_What you will do_
Return a copy of every line in the records that includes the word "Images".

[Opening Dataset excerpts section]

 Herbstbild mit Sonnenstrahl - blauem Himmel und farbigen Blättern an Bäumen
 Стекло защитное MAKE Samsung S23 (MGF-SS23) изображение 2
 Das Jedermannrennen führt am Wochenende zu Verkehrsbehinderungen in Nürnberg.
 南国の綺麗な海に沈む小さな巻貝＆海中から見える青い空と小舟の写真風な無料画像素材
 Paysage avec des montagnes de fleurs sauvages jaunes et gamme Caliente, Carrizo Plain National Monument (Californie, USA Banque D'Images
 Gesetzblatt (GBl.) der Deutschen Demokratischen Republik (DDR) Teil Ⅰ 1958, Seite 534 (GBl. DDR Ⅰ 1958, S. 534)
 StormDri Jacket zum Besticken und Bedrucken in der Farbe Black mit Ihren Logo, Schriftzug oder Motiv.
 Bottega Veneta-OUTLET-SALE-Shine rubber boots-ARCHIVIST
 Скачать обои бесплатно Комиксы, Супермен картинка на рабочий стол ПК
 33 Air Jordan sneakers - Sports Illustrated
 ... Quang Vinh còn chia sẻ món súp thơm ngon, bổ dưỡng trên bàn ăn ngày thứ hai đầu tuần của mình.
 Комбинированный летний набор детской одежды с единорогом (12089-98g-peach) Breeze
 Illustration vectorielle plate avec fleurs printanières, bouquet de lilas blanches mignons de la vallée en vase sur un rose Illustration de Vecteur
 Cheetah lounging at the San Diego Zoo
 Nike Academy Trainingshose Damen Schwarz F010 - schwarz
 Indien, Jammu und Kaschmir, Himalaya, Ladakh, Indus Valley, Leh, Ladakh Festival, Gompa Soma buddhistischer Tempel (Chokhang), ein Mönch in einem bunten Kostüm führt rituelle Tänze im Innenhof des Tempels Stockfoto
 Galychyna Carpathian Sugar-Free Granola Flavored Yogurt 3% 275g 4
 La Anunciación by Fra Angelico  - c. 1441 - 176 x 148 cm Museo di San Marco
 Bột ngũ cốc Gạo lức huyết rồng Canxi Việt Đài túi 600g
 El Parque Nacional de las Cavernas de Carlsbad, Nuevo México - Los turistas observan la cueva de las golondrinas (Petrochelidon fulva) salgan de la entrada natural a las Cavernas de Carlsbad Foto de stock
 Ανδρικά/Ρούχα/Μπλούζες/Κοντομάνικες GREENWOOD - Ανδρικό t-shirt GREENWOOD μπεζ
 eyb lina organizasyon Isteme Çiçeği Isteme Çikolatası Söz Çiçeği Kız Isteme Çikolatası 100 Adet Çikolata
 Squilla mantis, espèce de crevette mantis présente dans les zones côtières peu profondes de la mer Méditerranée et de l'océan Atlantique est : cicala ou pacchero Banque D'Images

[Closing Dataset excerpts section]

_Answer space_
 Paysage avec des montagnes de fleurs sauvages jaunes et gamme Caliente, Carrizo Plain National Monument (Californie, USA Banque D'Images
 Squilla mantis, espèce de crevette mantis présente dans les zones côtières peu profondes de la mer Méditerranée et de l'océan Atlantique est : cicala ou pacchero Banque D'Images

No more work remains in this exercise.